A DMD is actually about the size of a microchip, and consists of thousands of tiny computer-controlled mirrors. Each tiny mirror on the chip represents one pixel on screen. Like all things digital, these mirrors can be turned on and off by adjusting the angle of the mirror on the chip towards the projector lens, or away from it.
The other major part of a DLP projector is the Color Filter, or Color Wheel. This fast spinning wheel has translucent red, green, and blue sections, that together with the DMD forms a moving image. From the light source, light travels through a "condensing lens" to focus it as it travels through the color wheel, back out through a "shaping lens", which then focuses it on the DMD. The DMD then reflects the image out the projector lens and onto your silver screen.
DLP diagram by Cameron Christopher
LCD projectors work similarly to old-school slide projectors. These projectors incorporate small translucent LCD panels, which work just like those in large flat-panel TVs. White light is emitted from the light source, and is split up into three parts by "separation prisms". These three light beams each pass through a separate red, green, and blu filter, and then through their own tiny LCD panels. From there, the three beams go through "combining prisms" which - surprise! - combine them into one light beam before going out the optical lens and onto your projector screen.
LCD projector diagram by Cameron Christopher
Compared to LCD projectors, DLP tends to have smoother video, with a higher contrast ratio, "blacker" blacks, and a more film-like and cinematic feel. Additionally, if space is an issue, DLP projectors are physically smaller. On the downside, some older DLP projectors may suffer from the so-called "rainbow effect" where the edges of brightly lit moving objects may appear as red-green-blue ghosts instead of white. DLP also tends to run hotter, and due to the spinning color wheel, may make a noticeable whine or hum when in use.
On the flip side, LCD projectors run cooler and quieter than DLP, and can produce a brighter image when placed in a room with a lot of ambient light. However, these projectors don't have the same contrast ratio as DLP, with blacks appearing to be more grey. Also, some LCDs can produce a "screen-door" effect, making images appear blocky with small spaces between pixels.

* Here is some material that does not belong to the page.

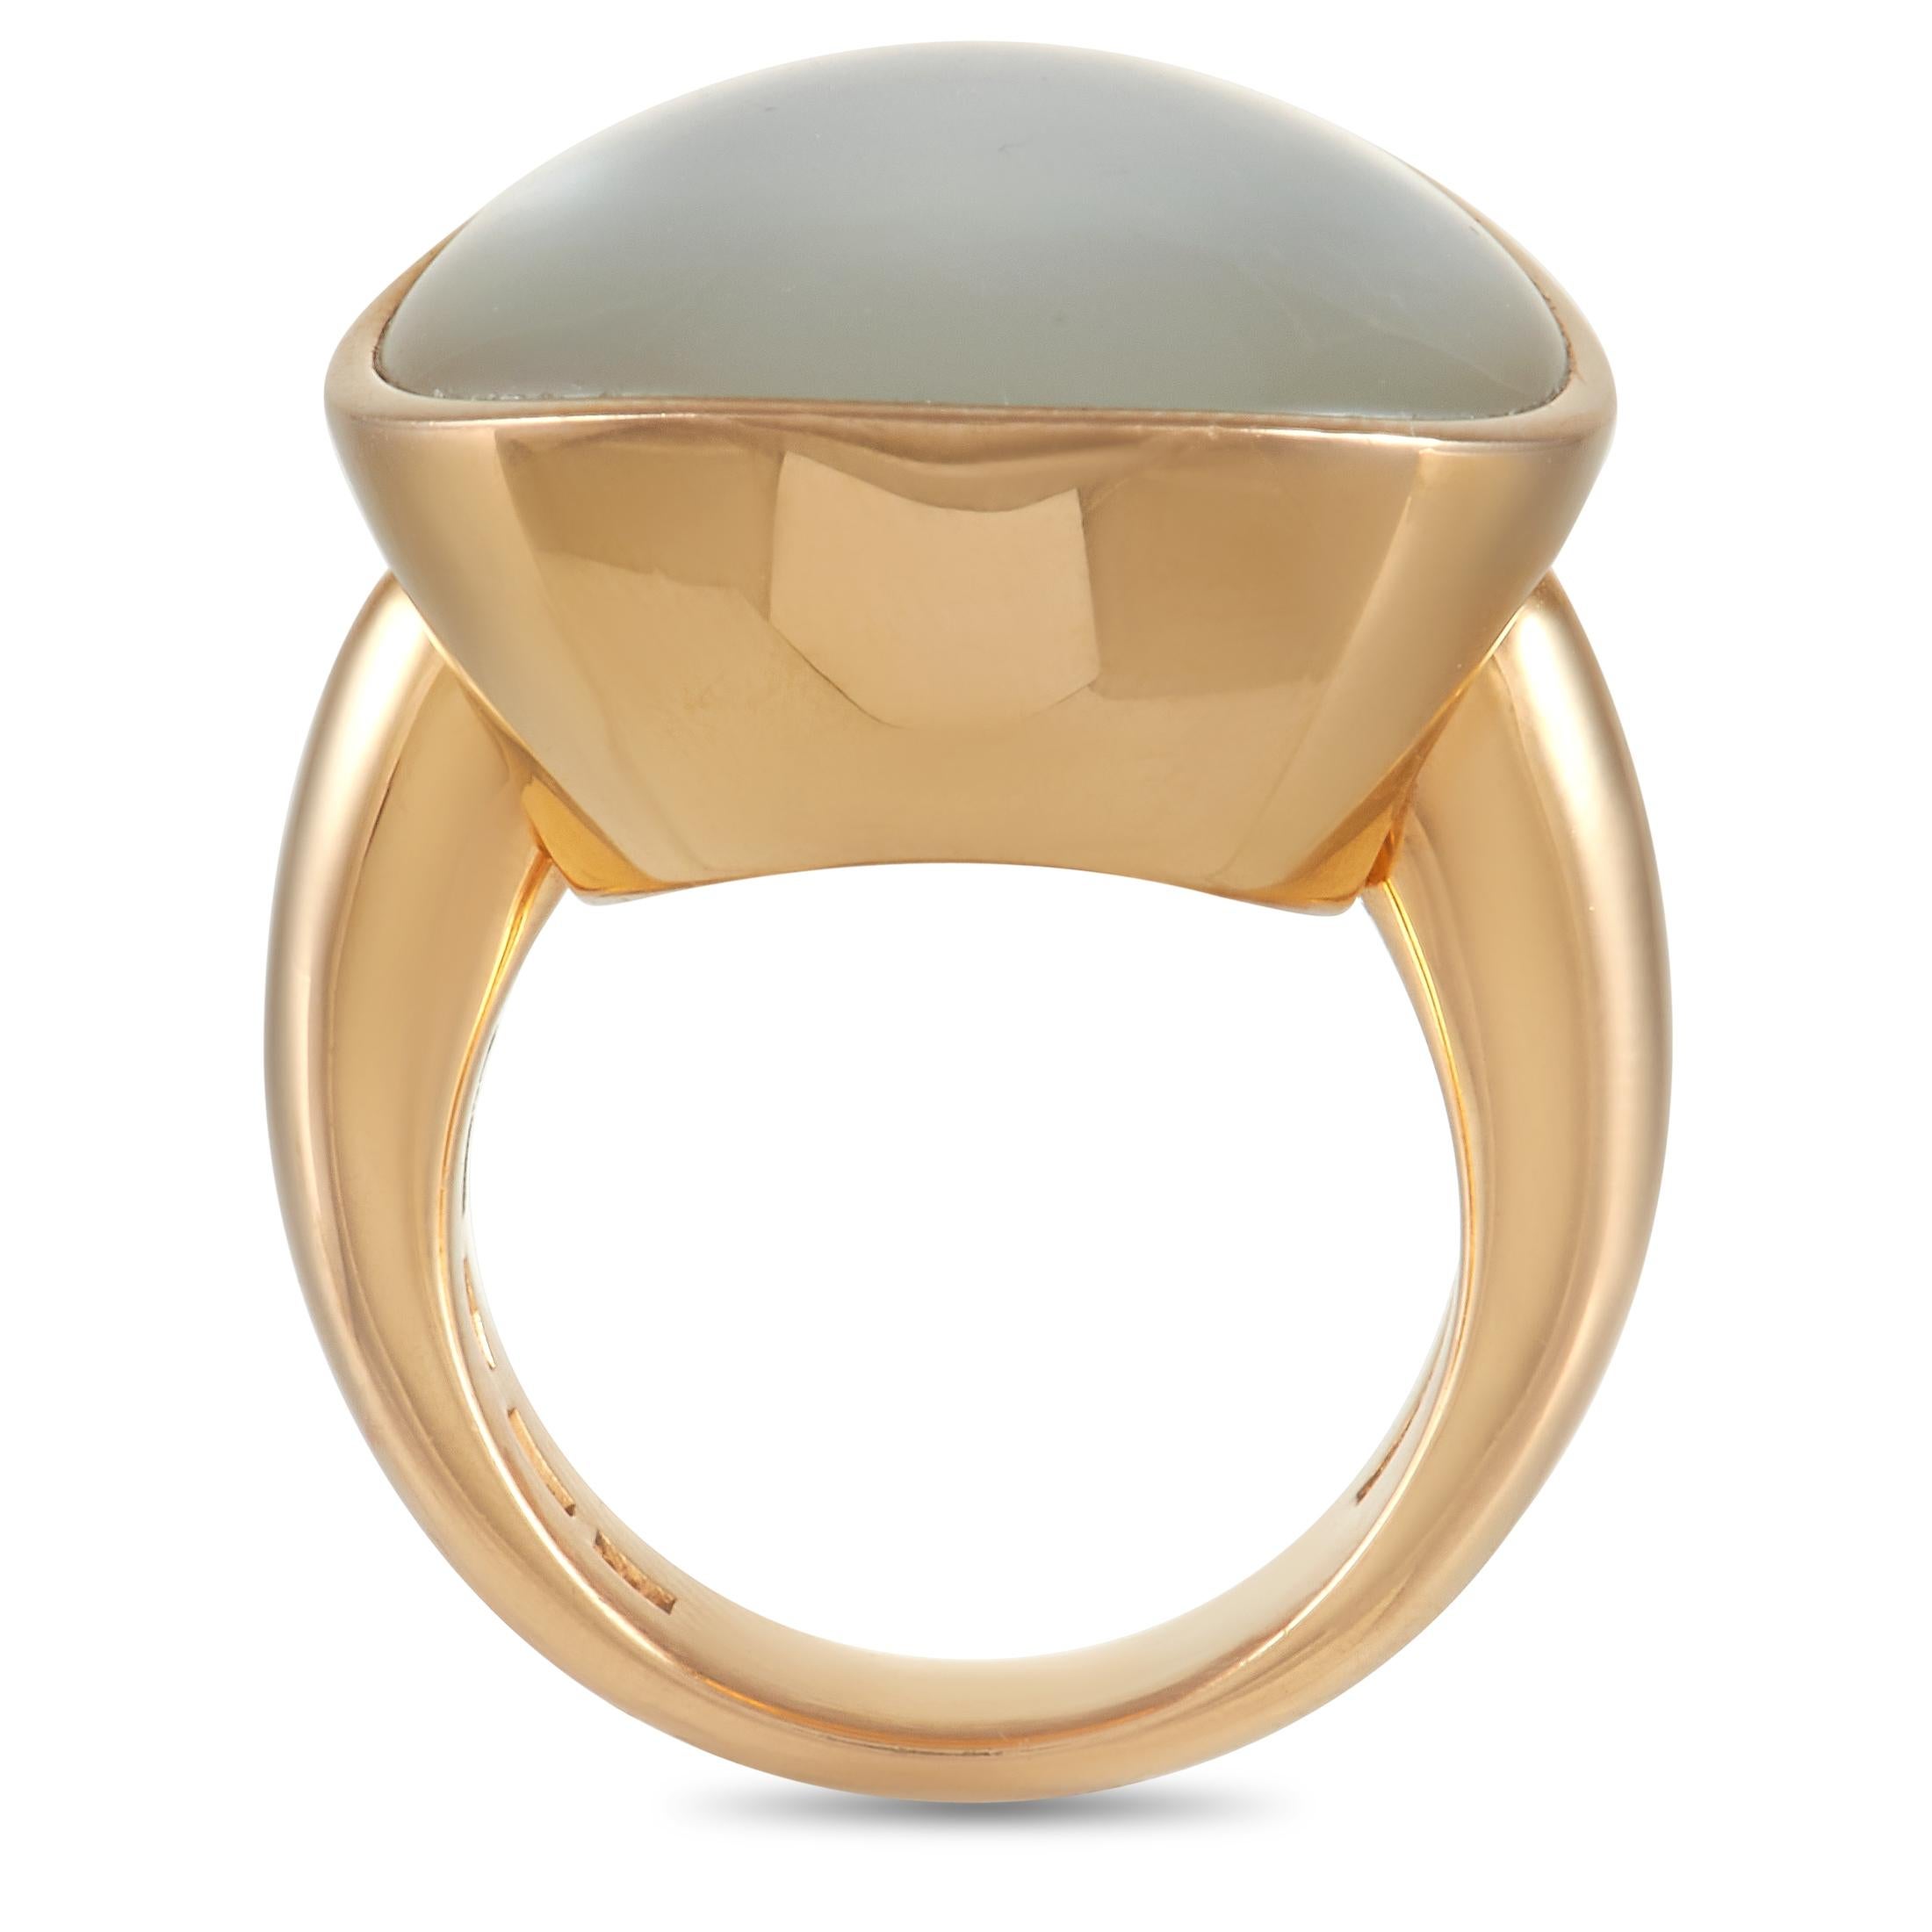 This Vhernier Giotto ring is stunning in its simplicity. The minimalist design pairs a sleek 18K Rose Gold setting – which features a 5mm wide band and a 10mm top height – with a large, circular Mother of Pearl center stone. The result is a piece
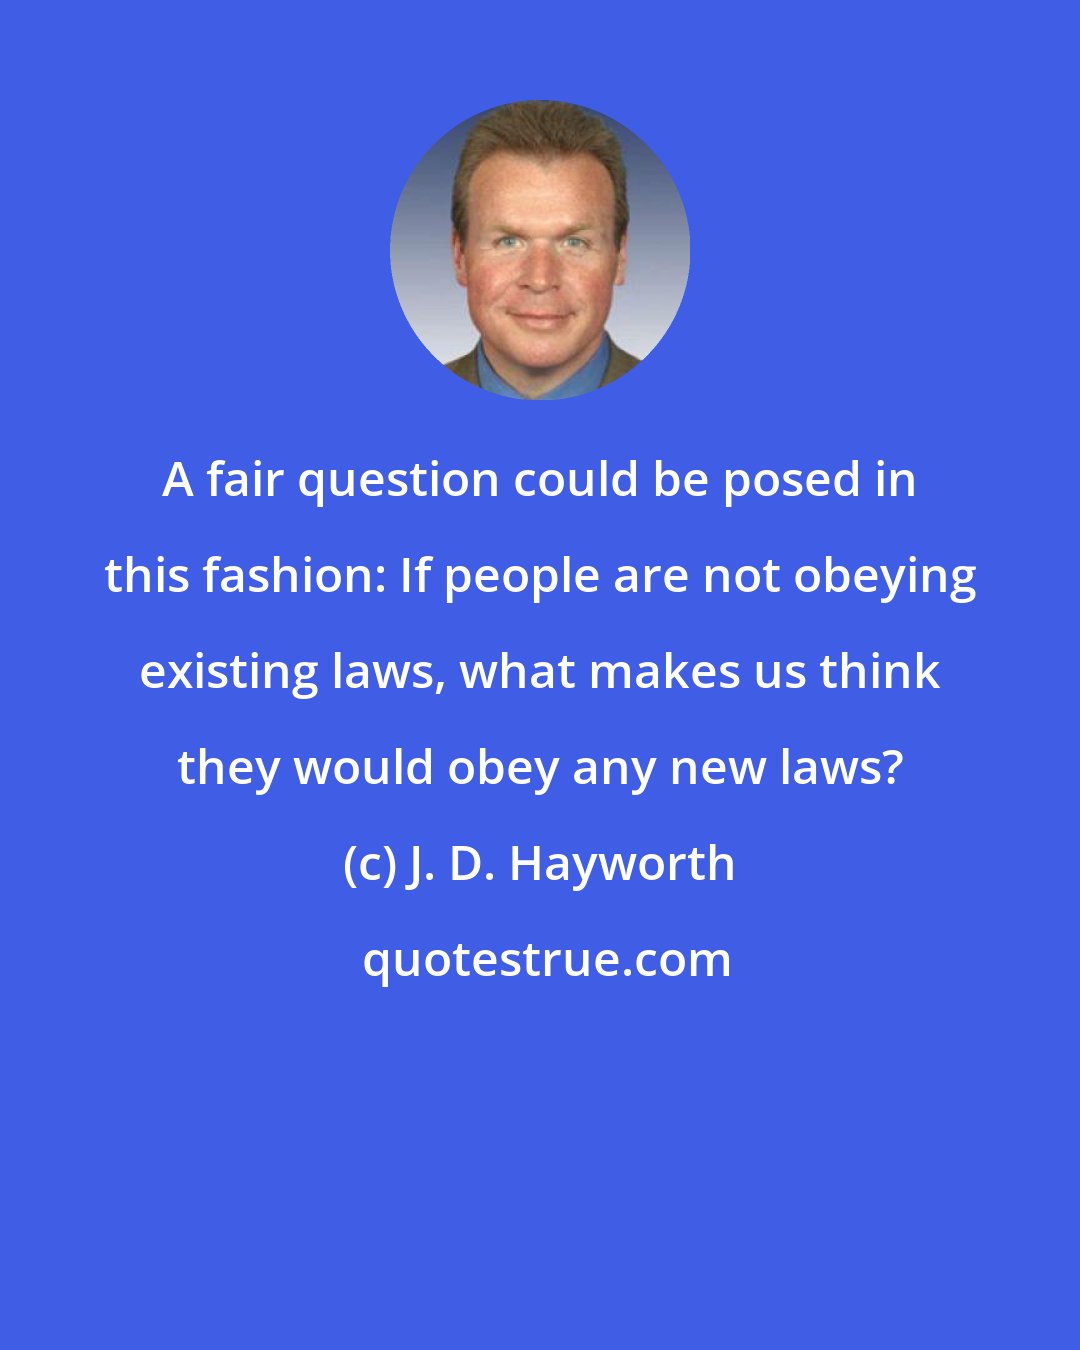 J. D. Hayworth: A fair question could be posed in this fashion: If people are not obeying existing laws, what makes us think they would obey any new laws?

Both DLP and LCD projectors measure their light output in lumens. Generally speaking, the higher the lumens, the brighter your picture. However, a brighter picture doesn't necessarily mean a higher quality picture! Additionally, while a projector can spit out 2,000 lumens, other considerations must be taken into account, such as room size, screen size, screen material and reflectivity, and perhaps most importantly, ambient light. The more ambient light in your home theatre, the more light needed to project light onto the screen. Most home theatre projectors range from 1500-3000 lumens, depending on your application.
Armed with the basics of home projectors, the time has arrived to light up your living room with all your favorite Couch Mode likes. Happy watching!
Bright lights, big screen, how do home projectors work their magic?